In this exercise, we're going to take the knowledge we gained from the lesson and apply it to the [Diabetes dataset](https://scikit-learn.org/stable/datasets/toy_dataset.html#diabetes-dataset). This well known dataset already has it's data cleaned and normalized, so no need to do any of those steps.
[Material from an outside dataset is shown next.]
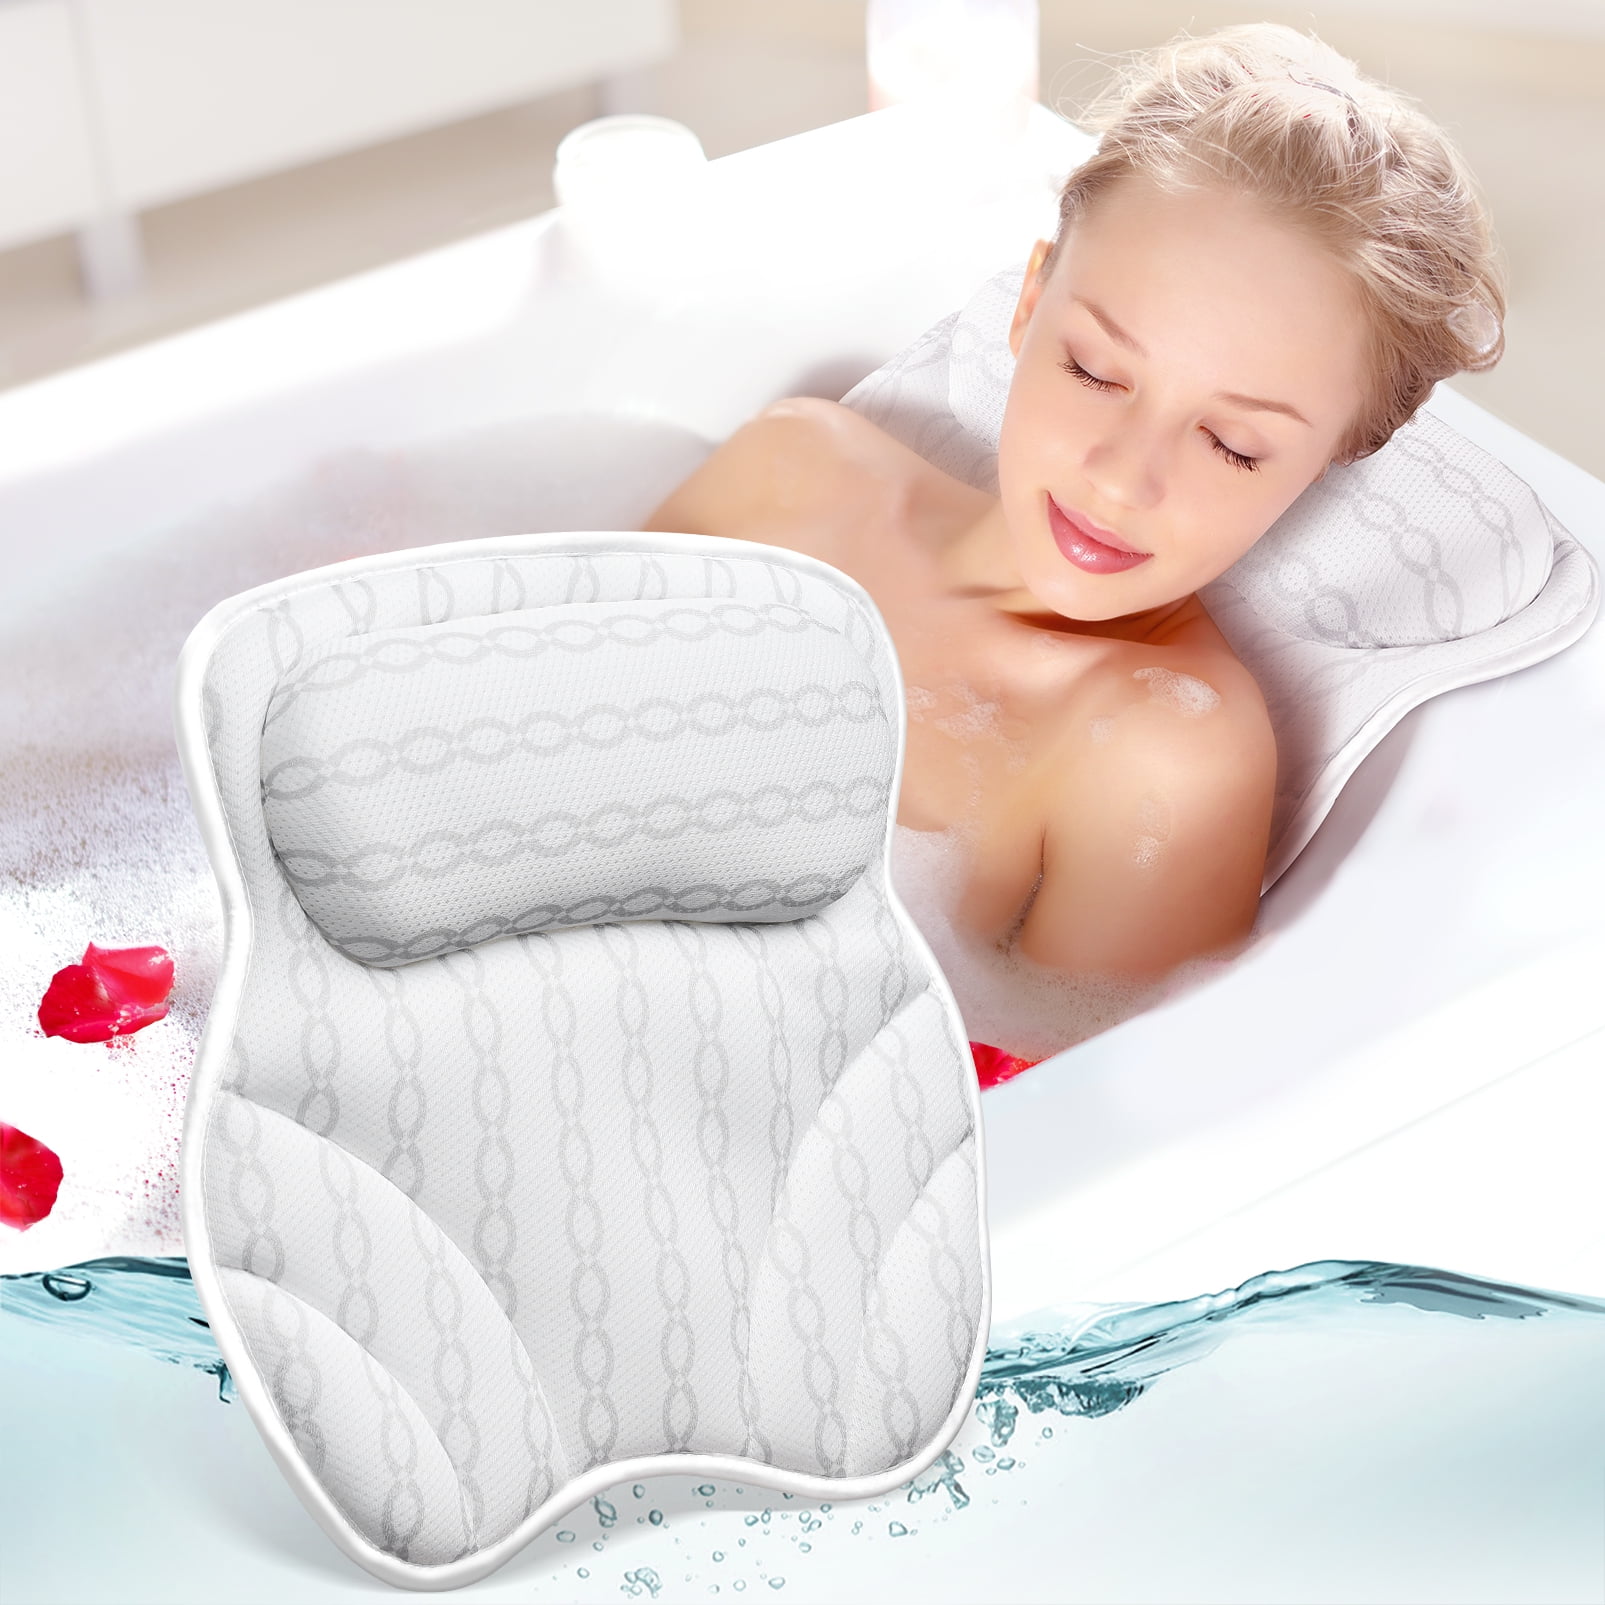 Bath Accessories for Women & Men Ergonomic Bath Pillows for Relaxation for Tub Neck and Back Support Poweul Suction Cups Black Bath Pillow Bathtub Pillow Spa Pillow
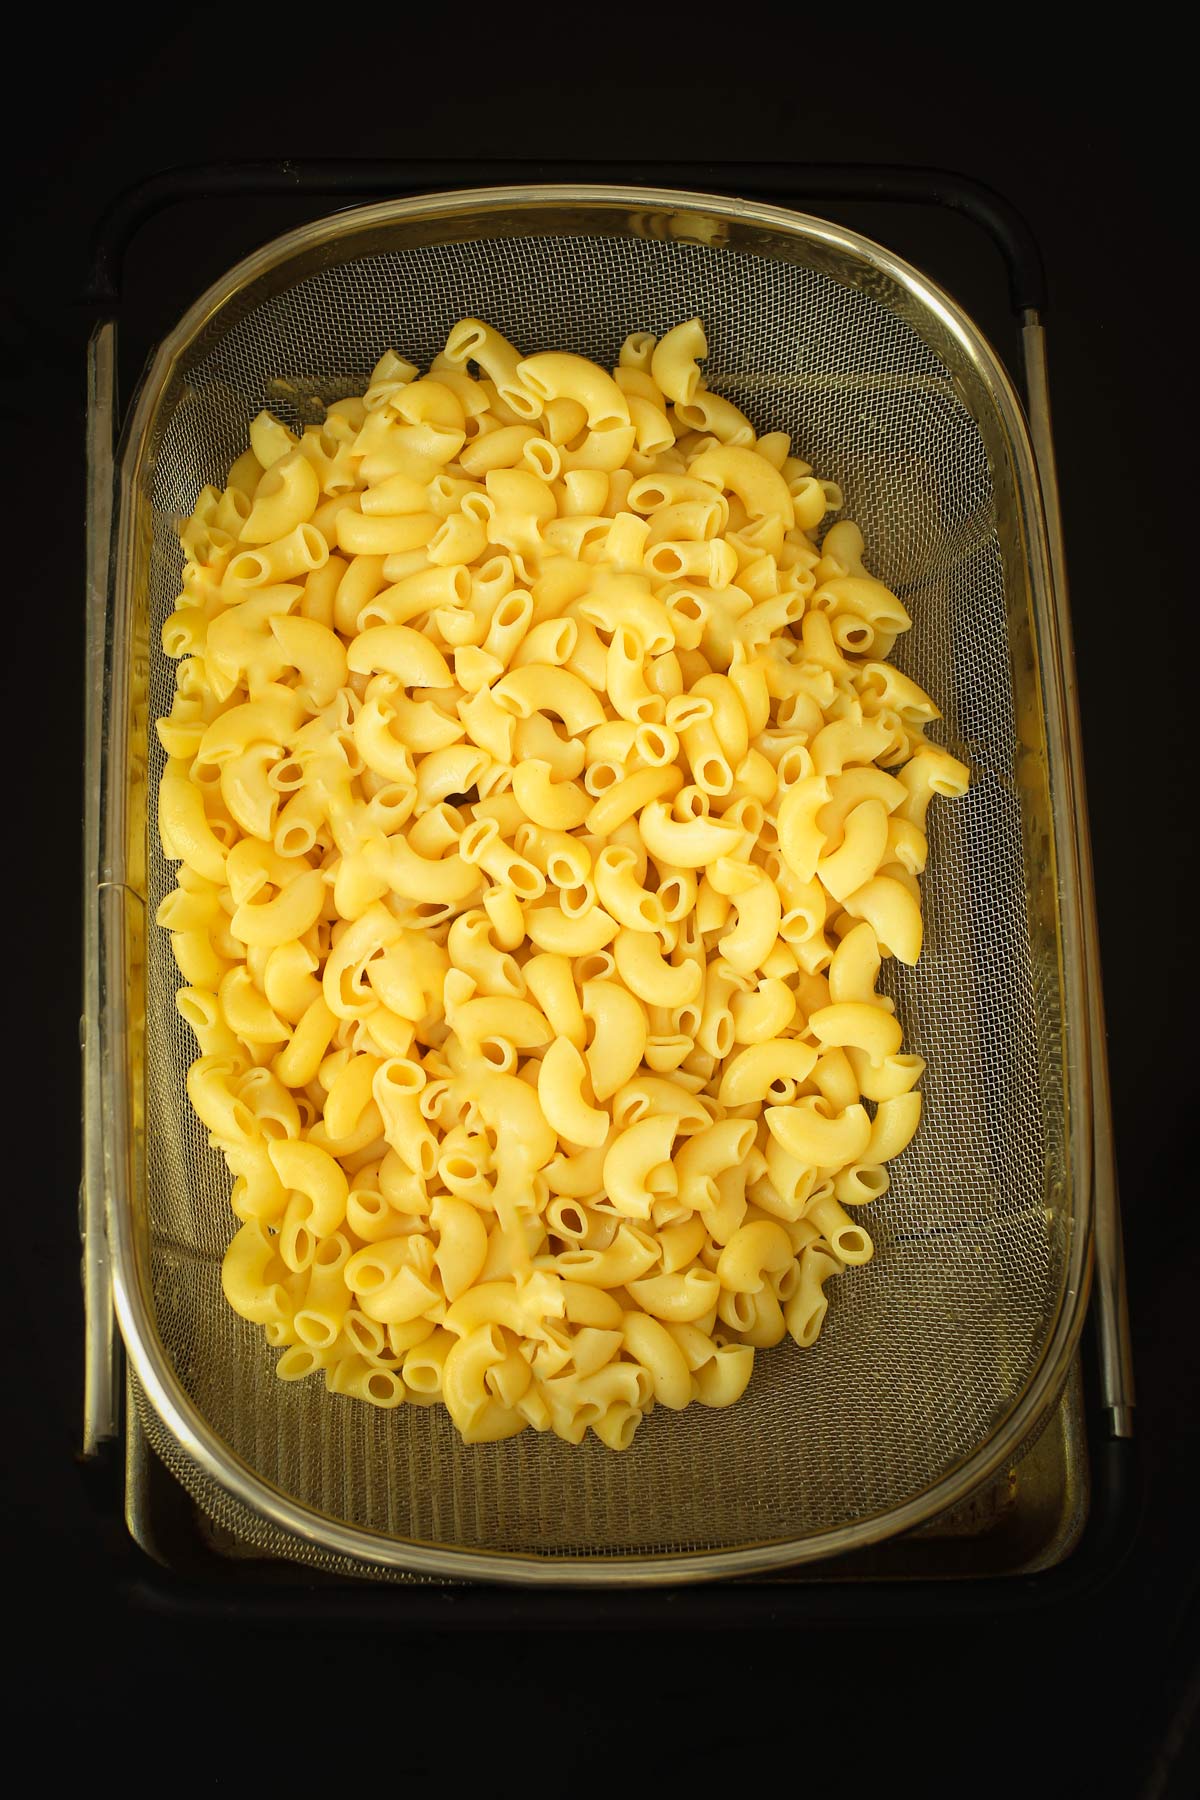 the macaroni draining and cooling in a colander.

The steps required to complete this exercise are as follows:

1. Load the diabetes dataset into a dataframe.
2. Check the table summary to show that indeed the mean is zero for all features.
3. Split the dataset into train, validation, and test sets
4. Use a linear regression `Ridge` model to fit and score:
    1. Fit and score on the whole dataset
    2. Fit on train, score on validation, using default model
    3. Fit on train, score on validation, using hyperparameters model
    4. Fit on train, score on test, using hyperparameterized model
5. Plot all scores in a bar graph

In [2]:
import numpy as np
import pandas as pd
from sklearn import datasets
from sklearn.model_selection import train_test_split
from sklearn.linear_model import Ridge

In [3]:
# Load in the diabetes dataset
diabetes = datasets.load_diabetes()

In [4]:
# Create the diabetes `data` dataset as a dataframe and name the columns with `feature_names`
df = pd.DataFrame(diabetes['data'], columns=diabetes['feature_names'])

# Include the target as well
df['target'] = diabetes['target']

In [5]:
df.head()

Unnamed: 0,age,sex,bmi,bp,s1,s2,s3,s4,s5,s6,target
0,0.038076,0.05068,0.061696,0.021872,-0.044223,-0.034821,-0.043401,-0.002592,0.019908,-0.017646,151.0
1,-0.001882,-0.044642,-0.051474,-0.026328,-0.008449,-0.019163,0.074412,-0.039493,-0.06833,-0.092204,75.0
2,0.085299,0.05068,0.044451,-0.005671,-0.045599,-0.034194,-0.032356,-0.002592,0.002864,-0.02593,141.0
3,-0.089063,-0.044642,-0.011595,-0.036656,0.012191,0.024991,-0.036038,0.034309,0.022692,-0.009362,206.0
4,0.005383,-0.044642,-0.036385,0.021872,0.003935,0.015596,0.008142,-0.002592,-0.031991,-0.046641,135.0


In [6]:
# Describe df using table summary.
# No need to normalize, near zero mean.
df.describe()

Unnamed: 0,age,sex,bmi,bp,s1,s2,s3,s4,s5,s6,target
count,442.0,442.0,442.0,442.0,442.0,442.0,442.0,442.0,442.0,442.0,442.0
mean,-3.634285e-16,1.308343e-16,-8.045349e-16,1.281655e-16,-8.835316000000001e-17,1.327024e-16,-4.574646e-16,3.777301e-16,-3.830854e-16,-3.412882e-16,152.133484
std,0.04761905,0.04761905,0.04761905,0.04761905,0.04761905,0.04761905,0.04761905,0.04761905,0.04761905,0.04761905,77.093005
min,-0.1072256,-0.04464164,-0.0902753,-0.1123996,-0.1267807,-0.1156131,-0.1023071,-0.0763945,-0.1260974,-0.1377672,25.0
25%,-0.03729927,-0.04464164,-0.03422907,-0.03665645,-0.03424784,-0.0303584,-0.03511716,-0.03949338,-0.03324879,-0.03317903,87.0
50%,0.00538306,-0.04464164,-0.007283766,-0.005670611,-0.004320866,-0.003819065,-0.006584468,-0.002592262,-0.001947634,-0.001077698,140.5
75%,0.03807591,0.05068012,0.03124802,0.03564384,0.02835801,0.02984439,0.0293115,0.03430886,0.03243323,0.02791705,211.5
max,0.1107267,0.05068012,0.1705552,0.1320442,0.1539137,0.198788,0.1811791,0.1852344,0.133599,0.1356118,346.0


In [7]:
# train: 0.8 | test: 0.2
df_train, df_test = train_test_split(df, test_size=0.2, random_state=0)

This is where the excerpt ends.